**WORK ORDER:** Exclude every picture. Output verbatim the lines from the one containing "Gym Fleece Socks" to the end of the data.

:: PROVIDED MATERIAL

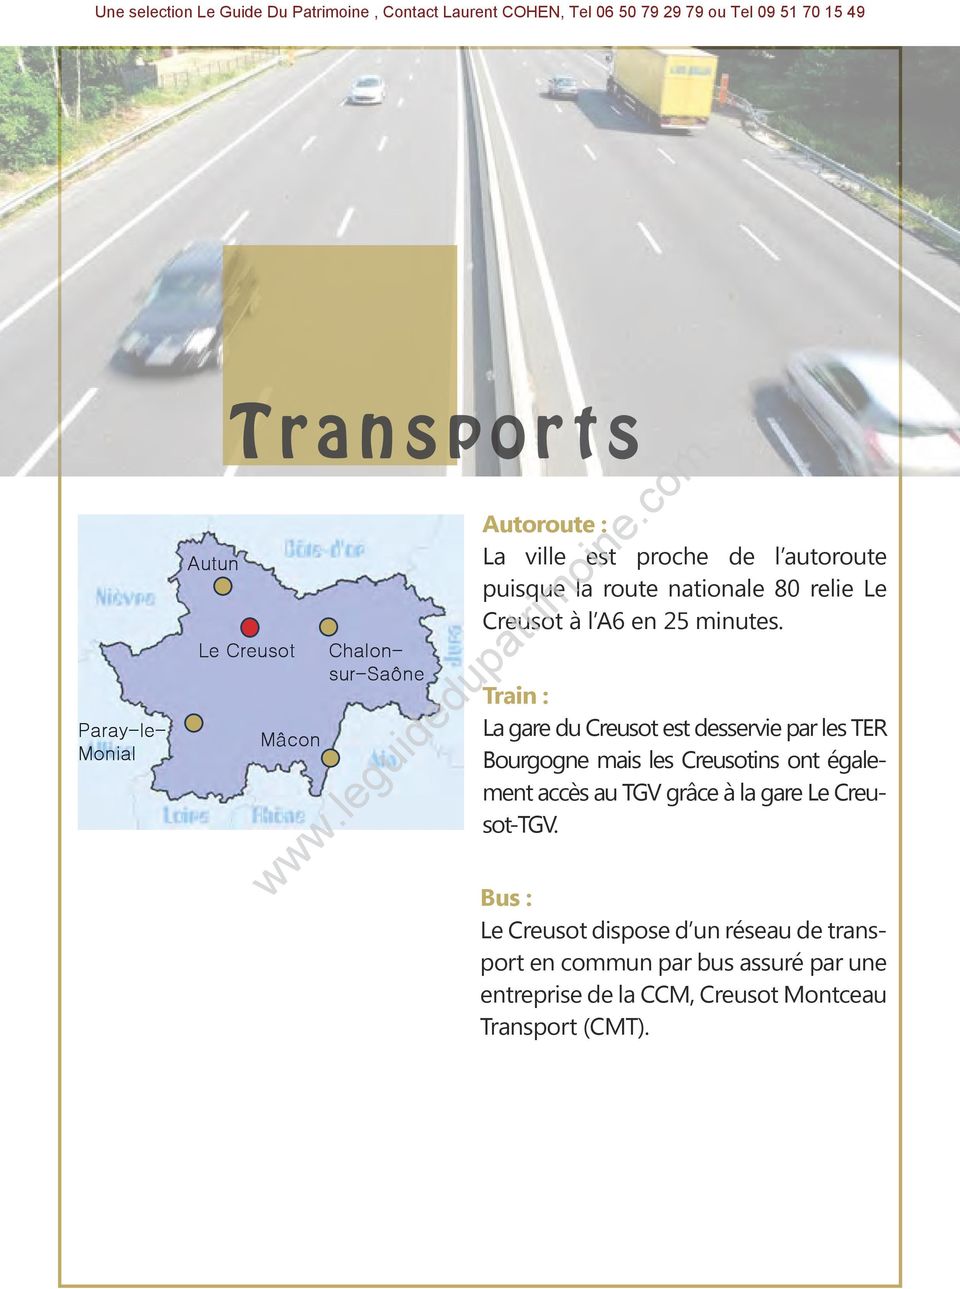 Train : La gare du Creusot est desservie par les TER Bourgogne mais les Creusotins ont également accès au TGV grâce
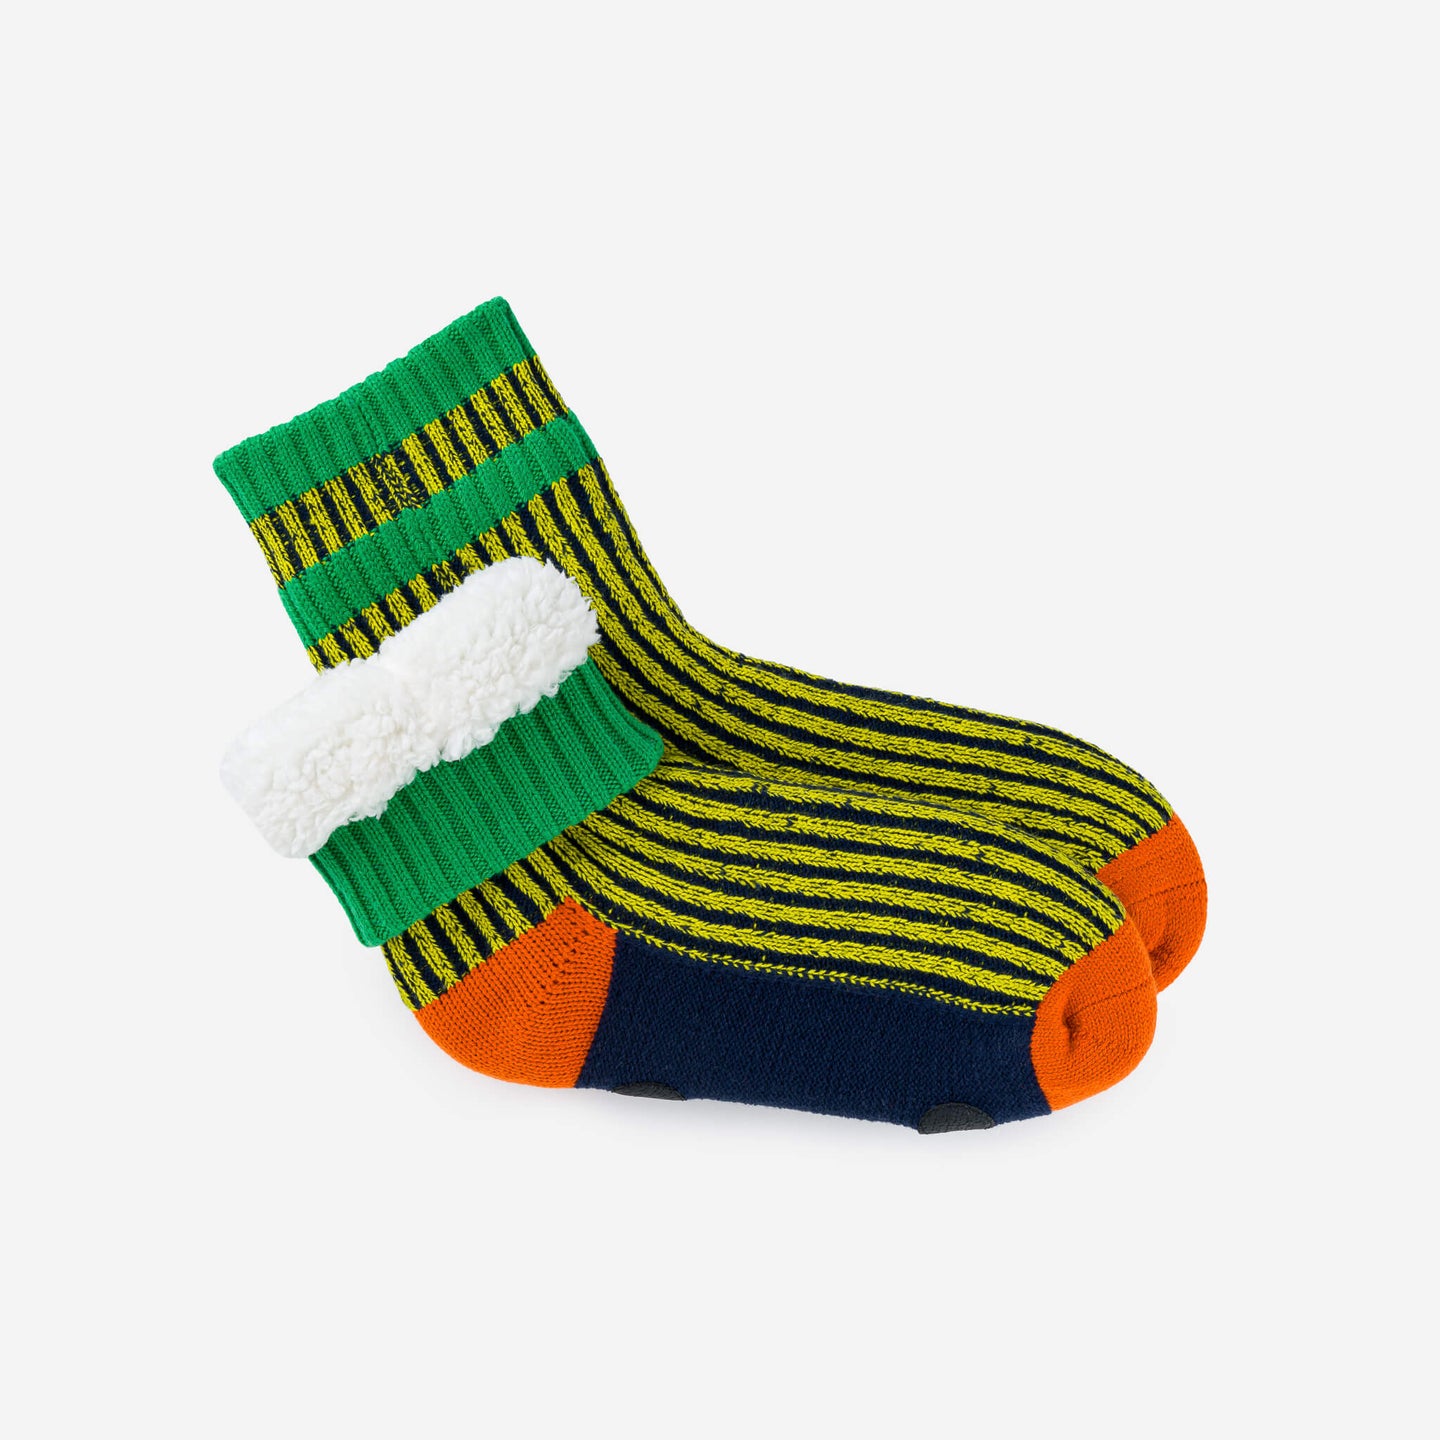 Gym Fleece Socks Rib Cozy House Knit Socks Thick Warm Relaxing
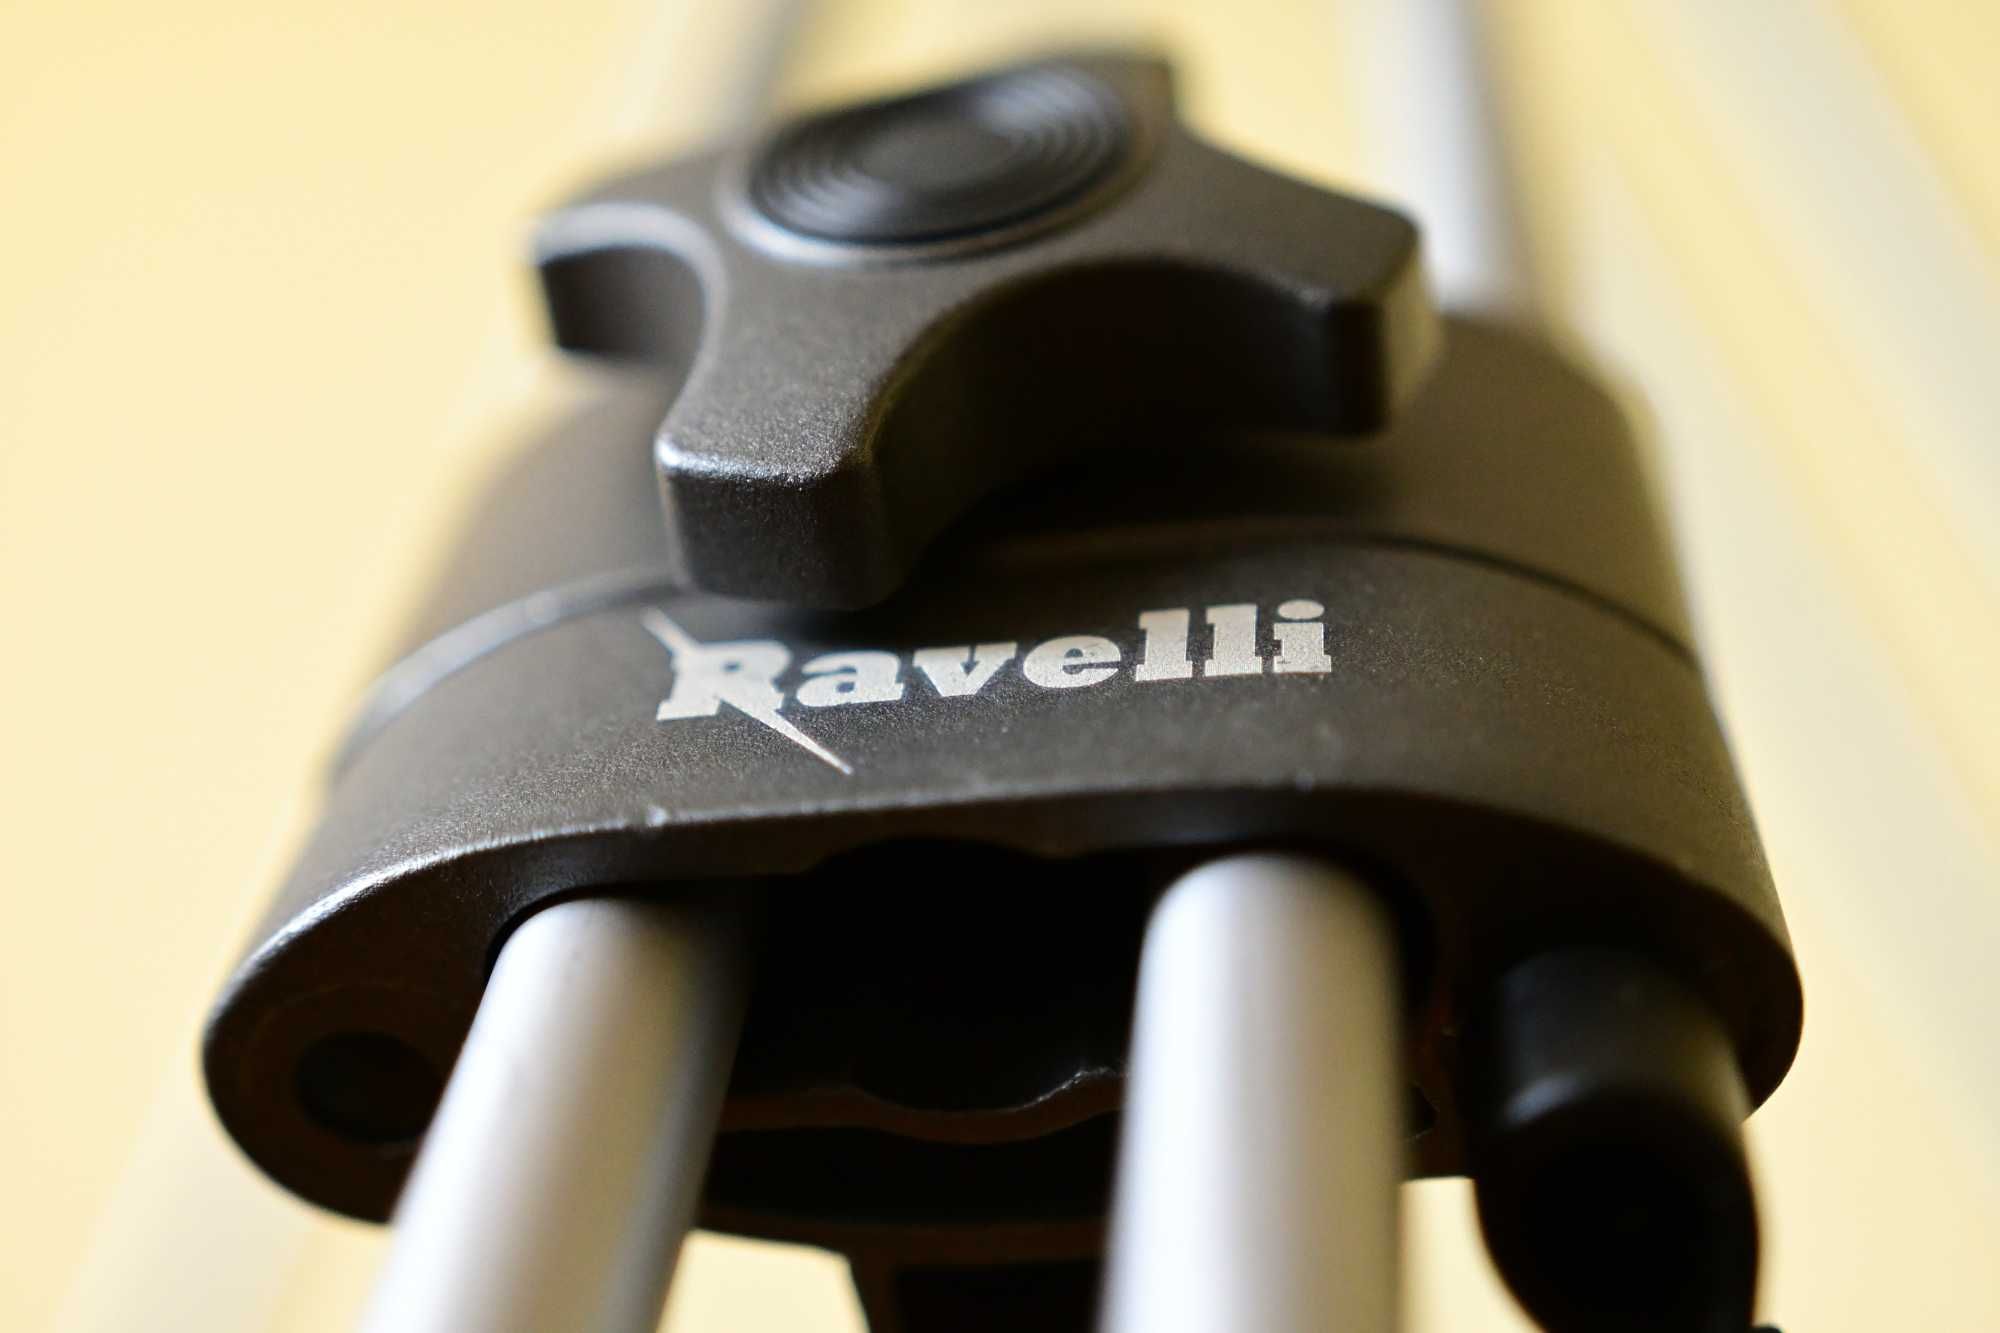 Potężny statyw Ravelli AVTP, płynna głowica, dwie rączki, pokrowiec

::::

**SOLVED EXERCISE:**
 Gym Fleece Socks Rib Cozy House Knit Socks Thick Warm Relaxing
 Potężny statyw Ravelli AVTP, płynna głowica, dwie rączki, pokrowiec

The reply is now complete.